**About this task:** The answer is the line containing "New Nike HyperAdapt 1.0 Review - Nike's" plus every line after it to the end of the material, retyped exactly and without the pictures.

**Dataset excerpt:**
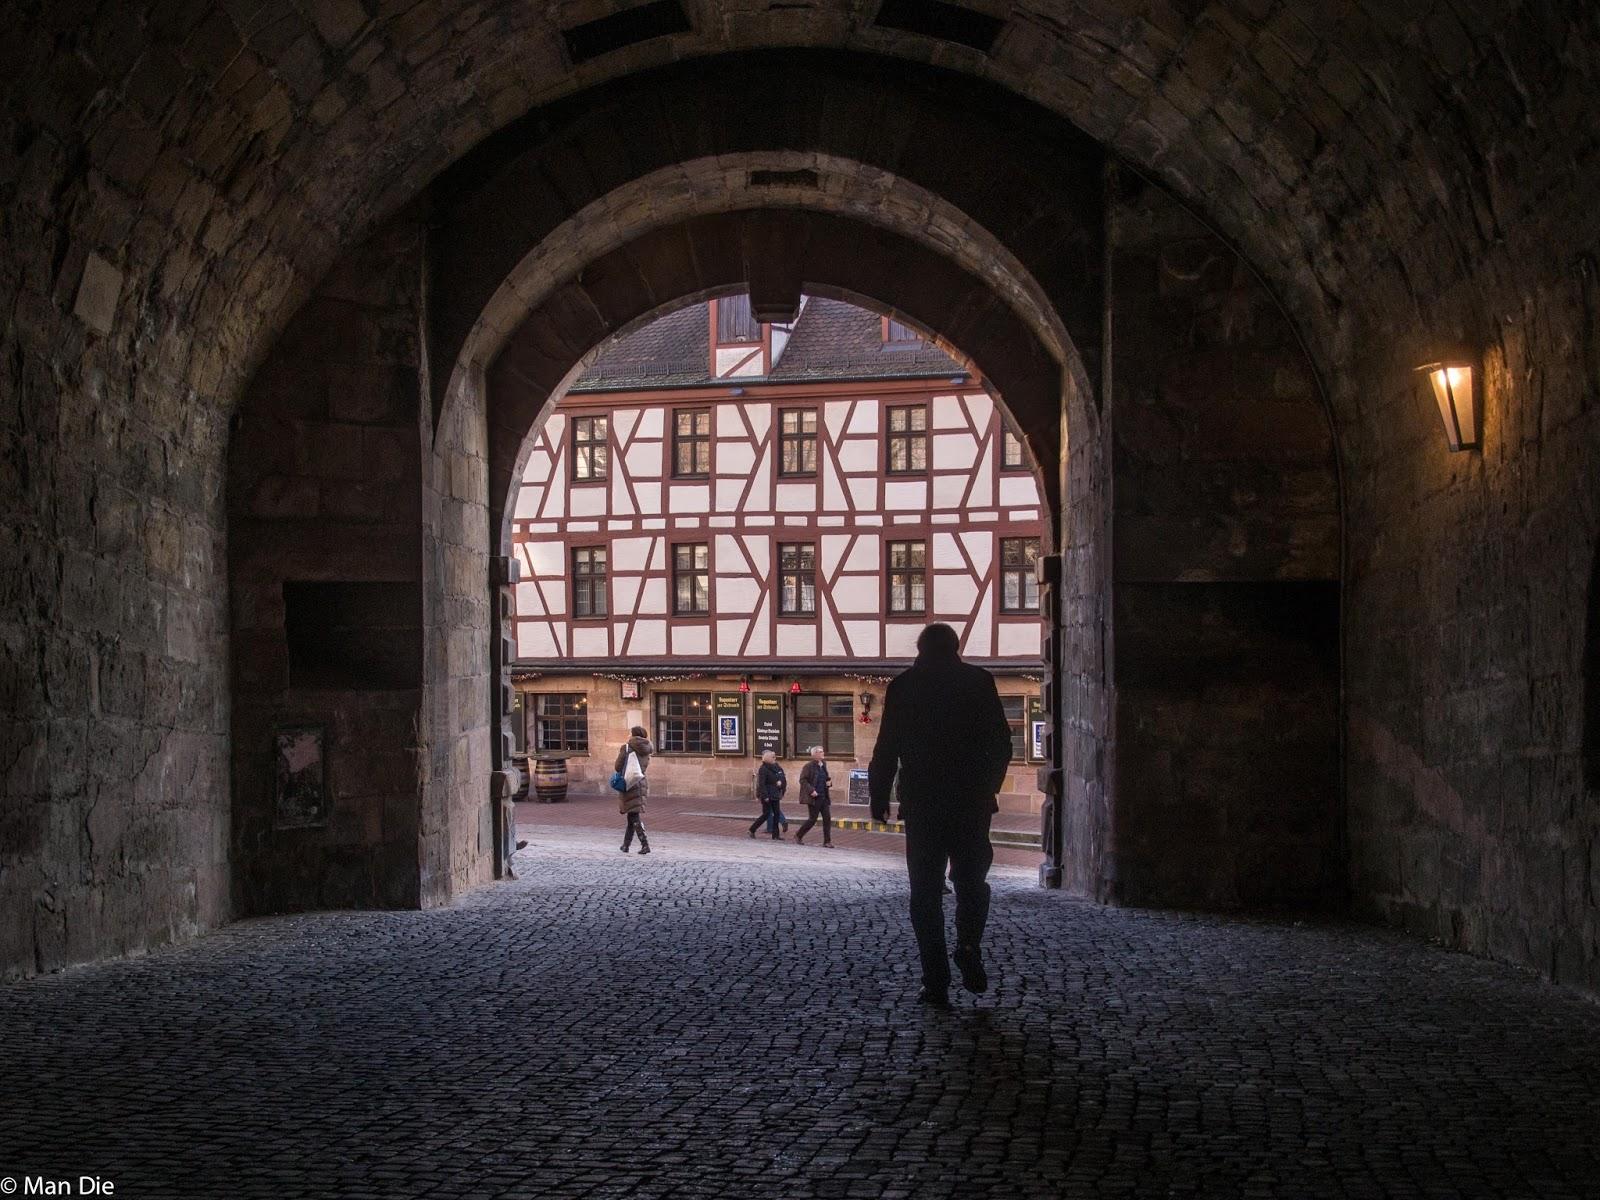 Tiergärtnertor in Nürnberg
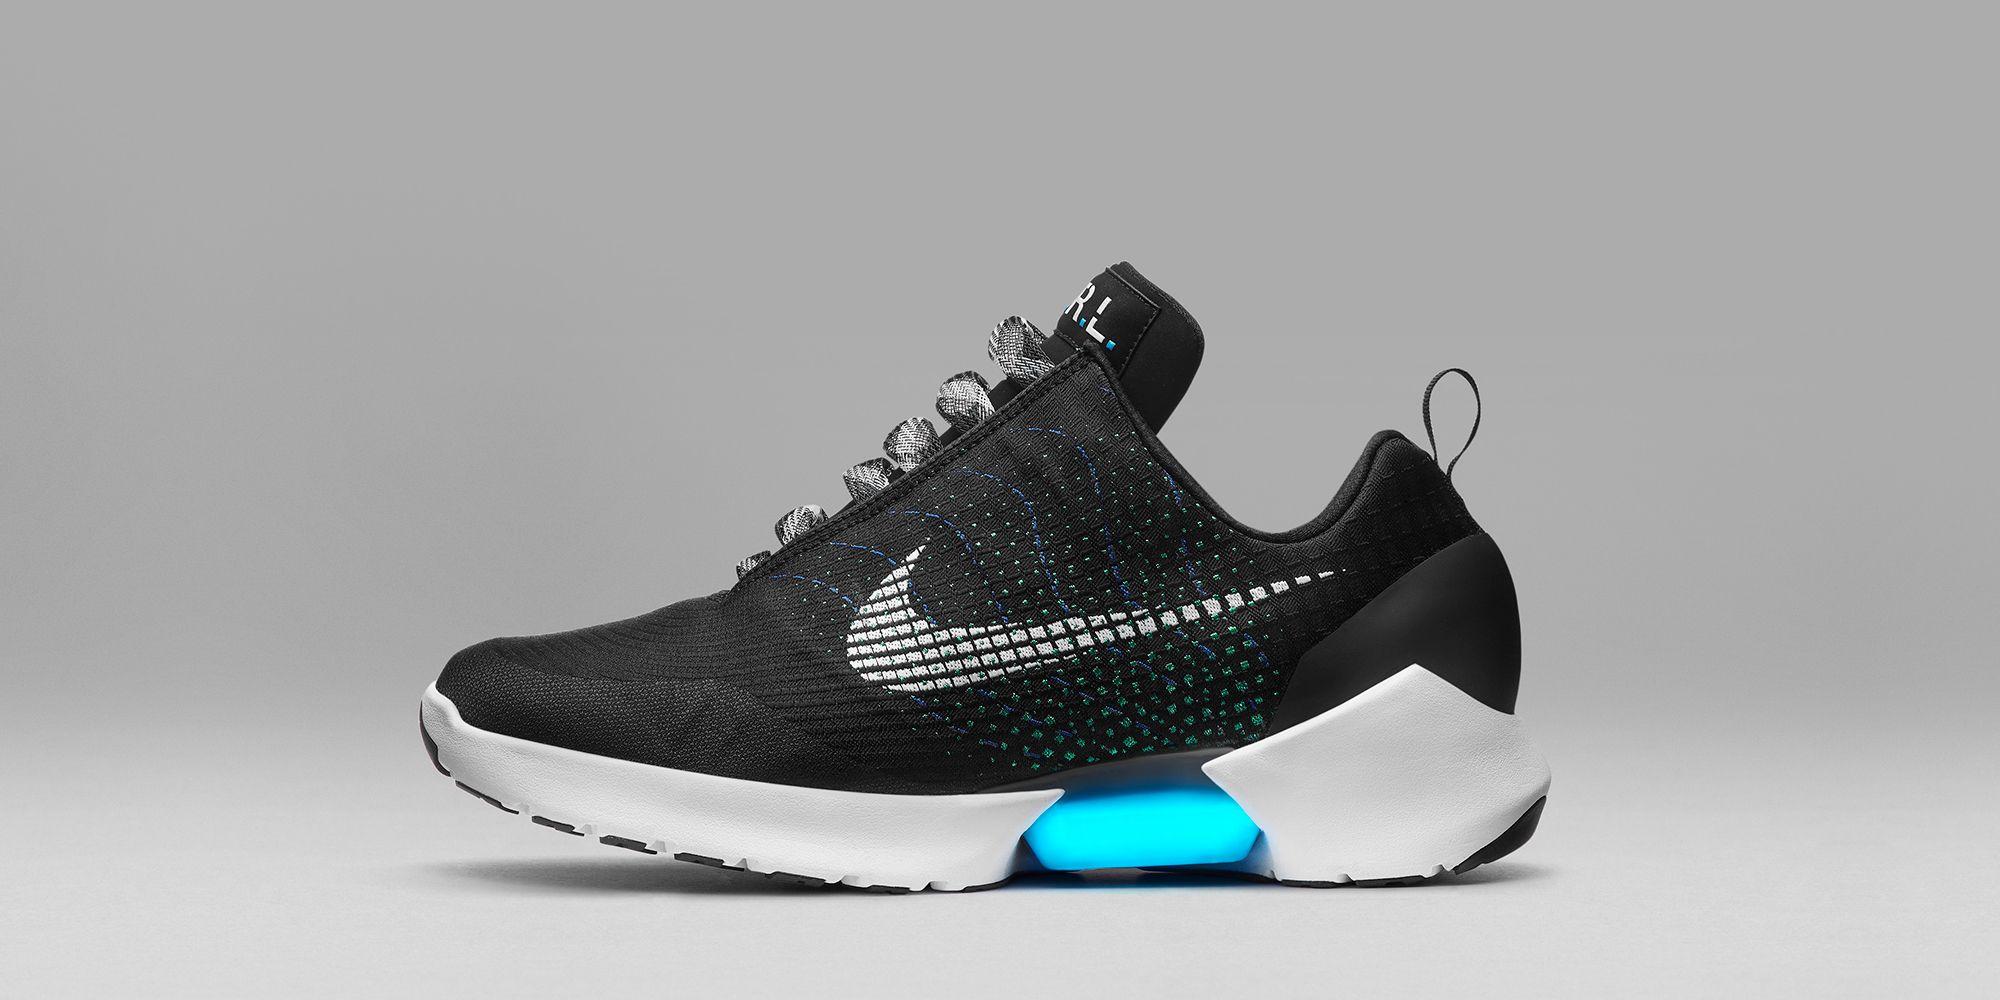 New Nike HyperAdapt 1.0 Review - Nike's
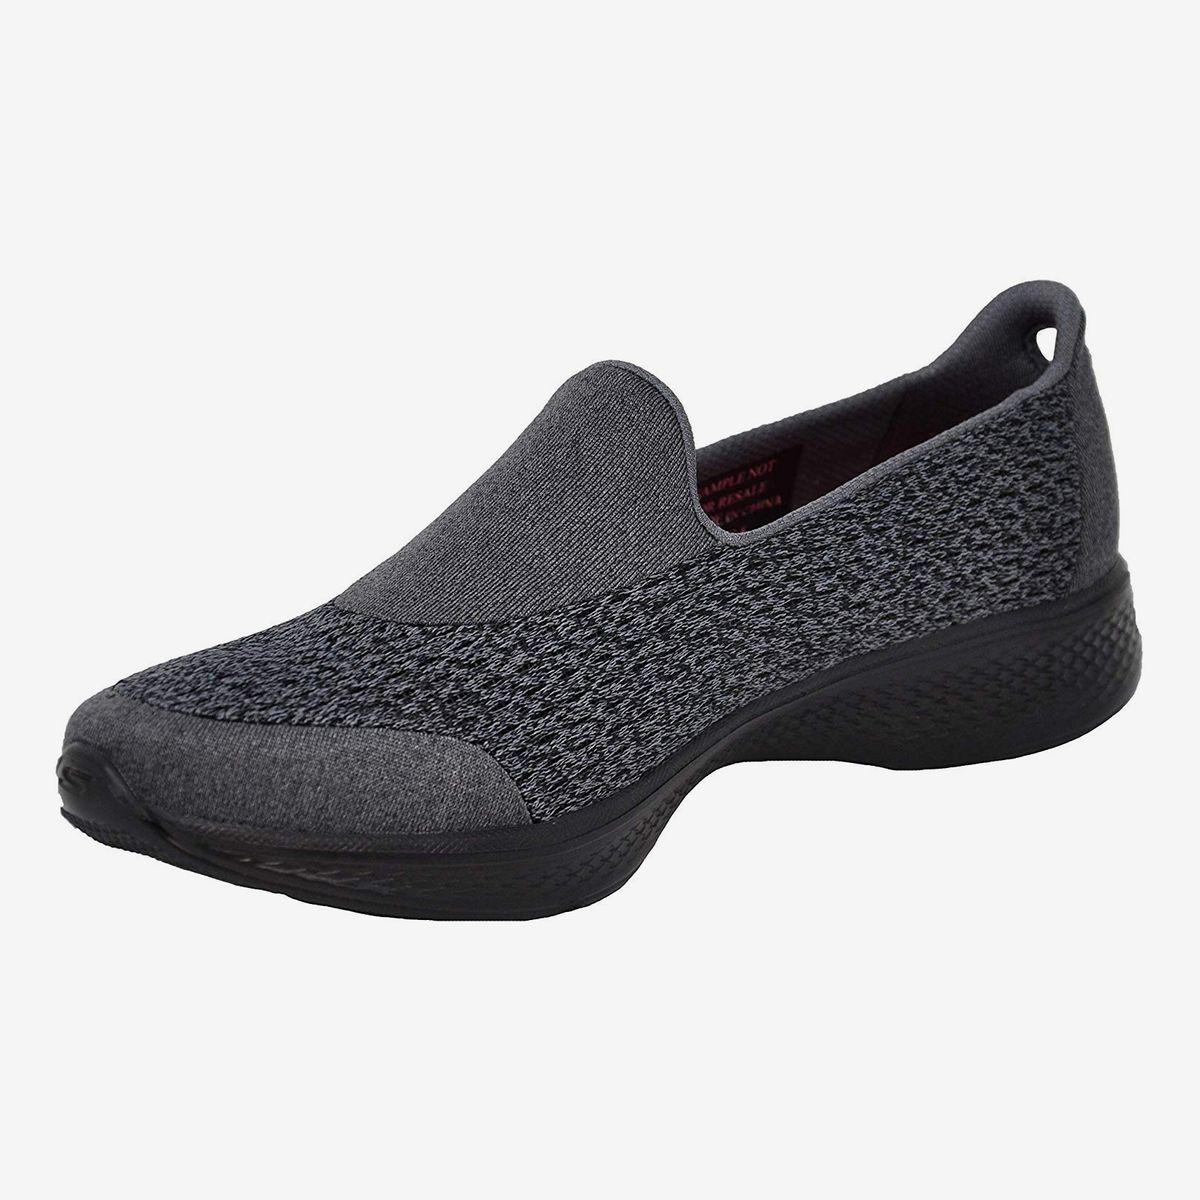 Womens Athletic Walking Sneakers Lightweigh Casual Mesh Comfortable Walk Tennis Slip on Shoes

**Exercise output:**
 New Nike HyperAdapt 1.0 Review - Nike's
 Womens Athletic Walking Sneakers Lightweigh Casual Mesh Comfortable Walk Tennis Slip on Shoes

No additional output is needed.